The Obama administration on Friday rejected calls within Congress to brand China a currency manipulator, but said its "significantly undervalued" currency was a key brake on global growth.

The US Treasury Department said China had not met the standards for manipulation of the yuan, also known as the renminbi, to gain an unfair competitive trade advantage. Such a distinction could pave the way for retaliatory sanctions, reports AFP.

"The available evidence suggest the RMB remains significantly undervalued, and we believe further appreciation of the RMB against the dollar and other major currencies is warranted," the Treasury said in its semi-annual report to Congress on exchange-rate policies.
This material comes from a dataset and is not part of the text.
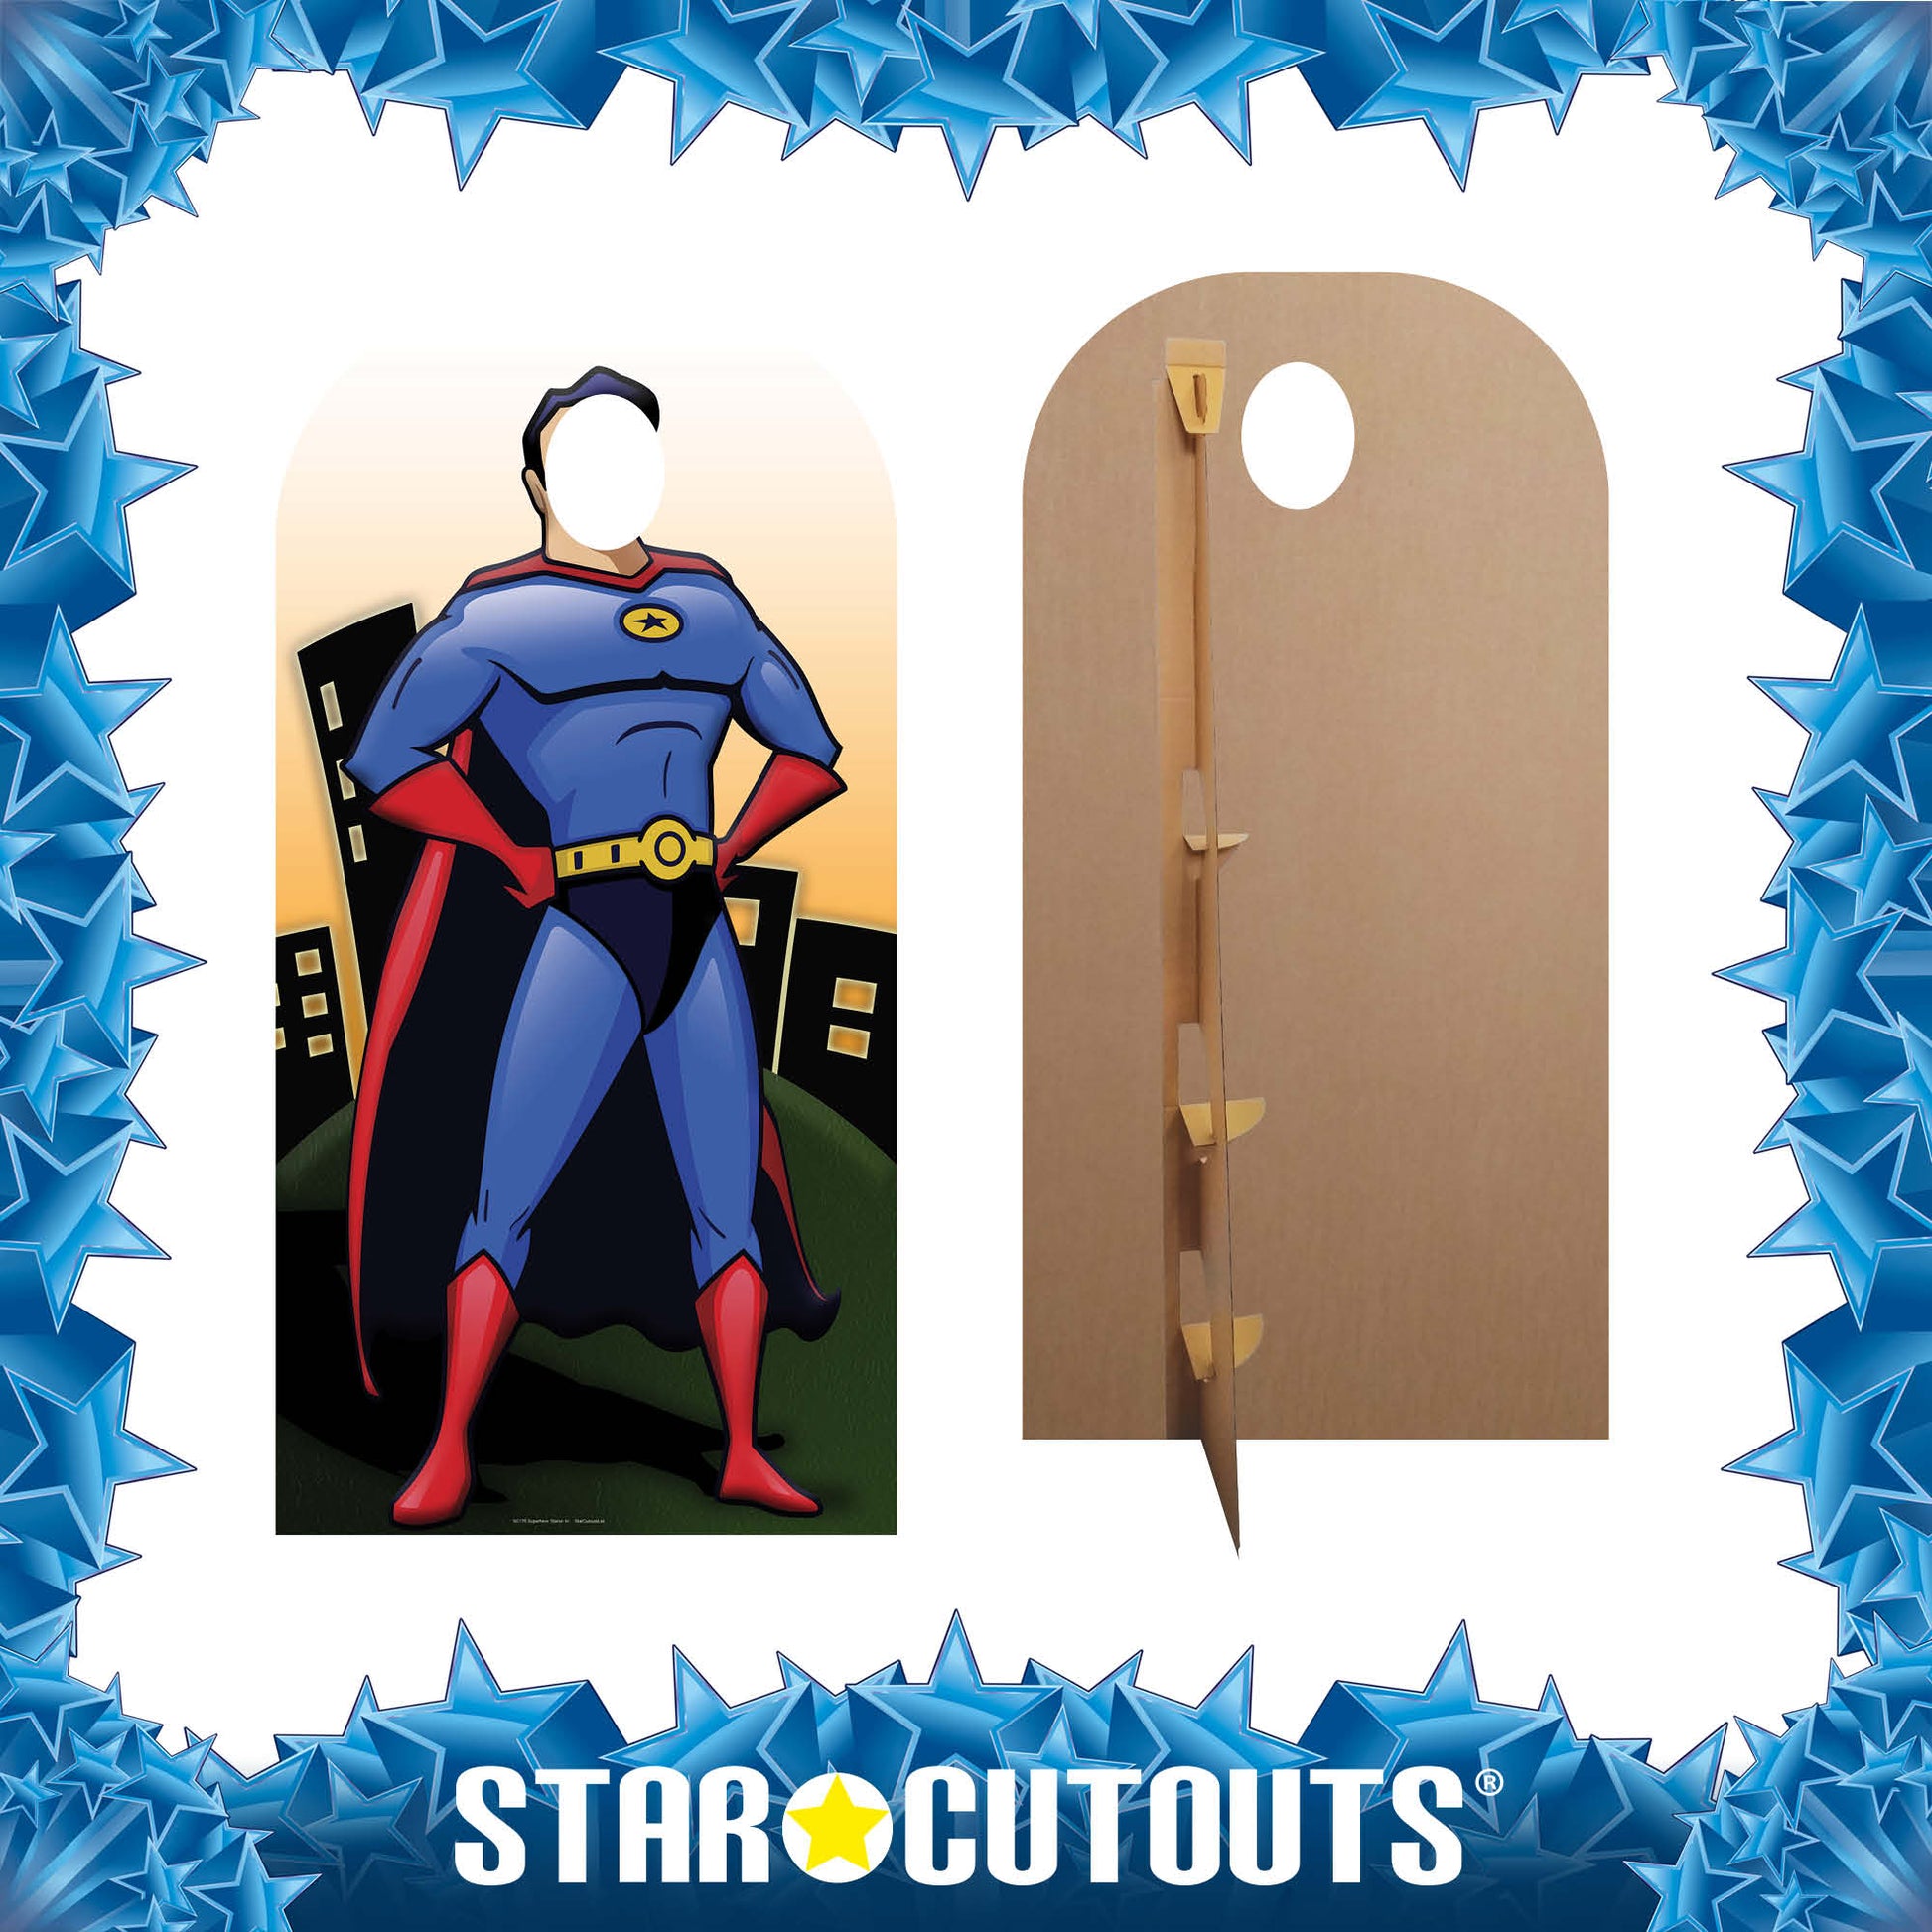 Lifesize Cardboard Cutout of Superhero Stand-in (SSCO176 ) buy cutouts at

The Treasury said it would continue to "closely monitor" the pace of the yuan's appreciation and "press for policy changes" to boost China's exchange-rate flexibility.

Beijing's tightly managed currency policy has triggered huge trade deficits in the United States, fueling a long-running source of friction between the world's two largest economies.

Critics in Congress accuse China of keeping the yuan artificially weak to flood the US market with cheap Chinese imports that have wiped out US jobs.

This year it is a hot-button campaign issue as Democratic President Barack Obama seeks re-election in November against the presumptive Republican candidate Mitt Romney.

With the fragile US economy at the top of voter concerns, Romney and some lawmakers have been calling for retaliatory sanctions against China, accusing Obama of failing to protect American jobs as the economy struggles to recover from the Great Recession.
The Treasury explained it declined to brand China a currency manipulator in part because of the yuan's appreciation against the dollar since June 2010 and a decline in its massive current account surplus, a broad measure of trade.

It also cited "China's commitments in the G20 and the US-China Strategic & Economic Dialogue to move more rapidly to a more market-determined exchange rate system."